● Records for this task:
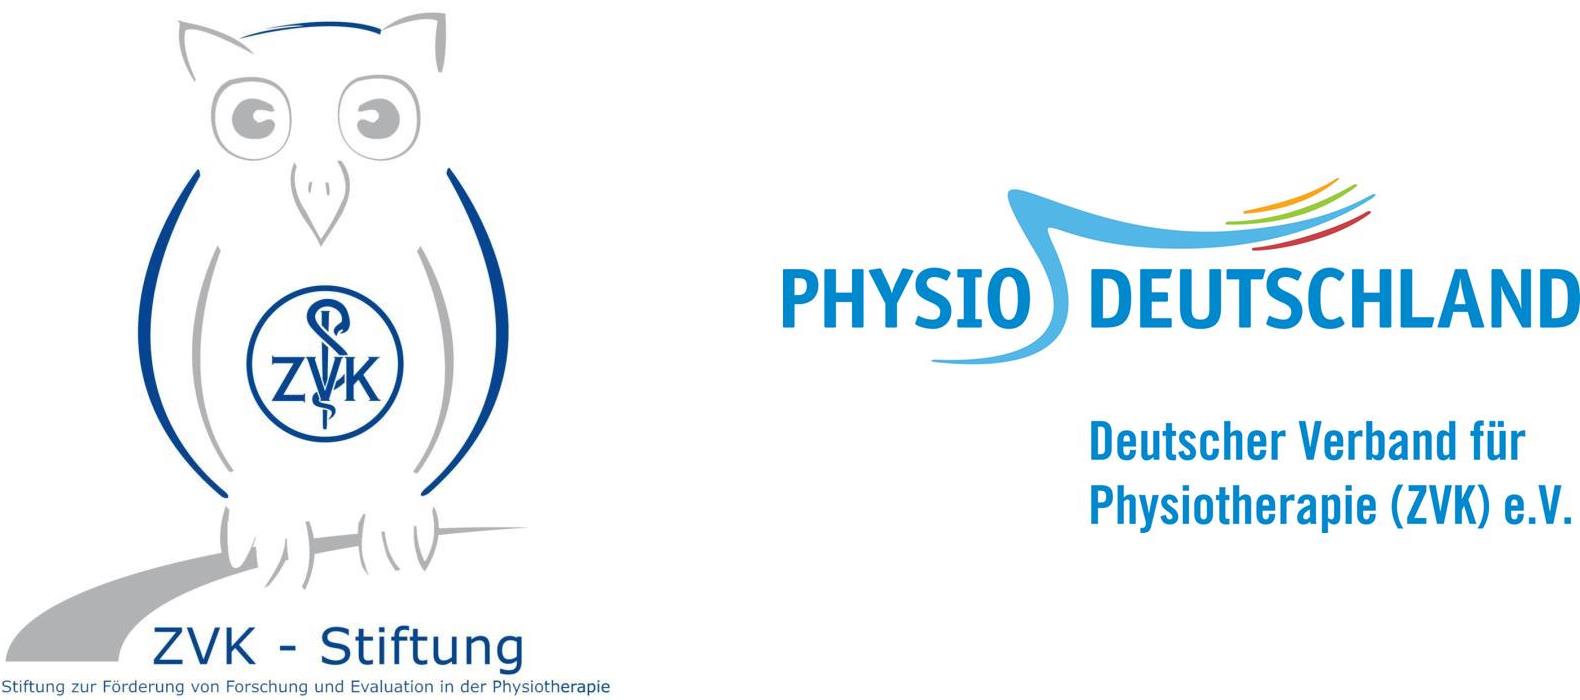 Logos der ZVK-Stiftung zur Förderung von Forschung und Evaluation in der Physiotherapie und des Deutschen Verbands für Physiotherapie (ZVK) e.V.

==

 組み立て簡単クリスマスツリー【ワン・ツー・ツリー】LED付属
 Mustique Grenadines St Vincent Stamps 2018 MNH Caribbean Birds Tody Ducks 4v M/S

● Work to be completed: Give again exactly, and only, the lines above starting at the one with "組み立て簡単クリスマスツリー【ワン・ツー・ツリー】LED付属" and ending at the one with "Mustique Grenadines St".

● Result for this exercise:
 組み立て簡単クリスマスツリー【ワン・ツー・ツリー】LED付属
 Mustique Grenadines St Vincent Stamps 2018 MNH Caribbean Birds Tody Ducks 4v M/S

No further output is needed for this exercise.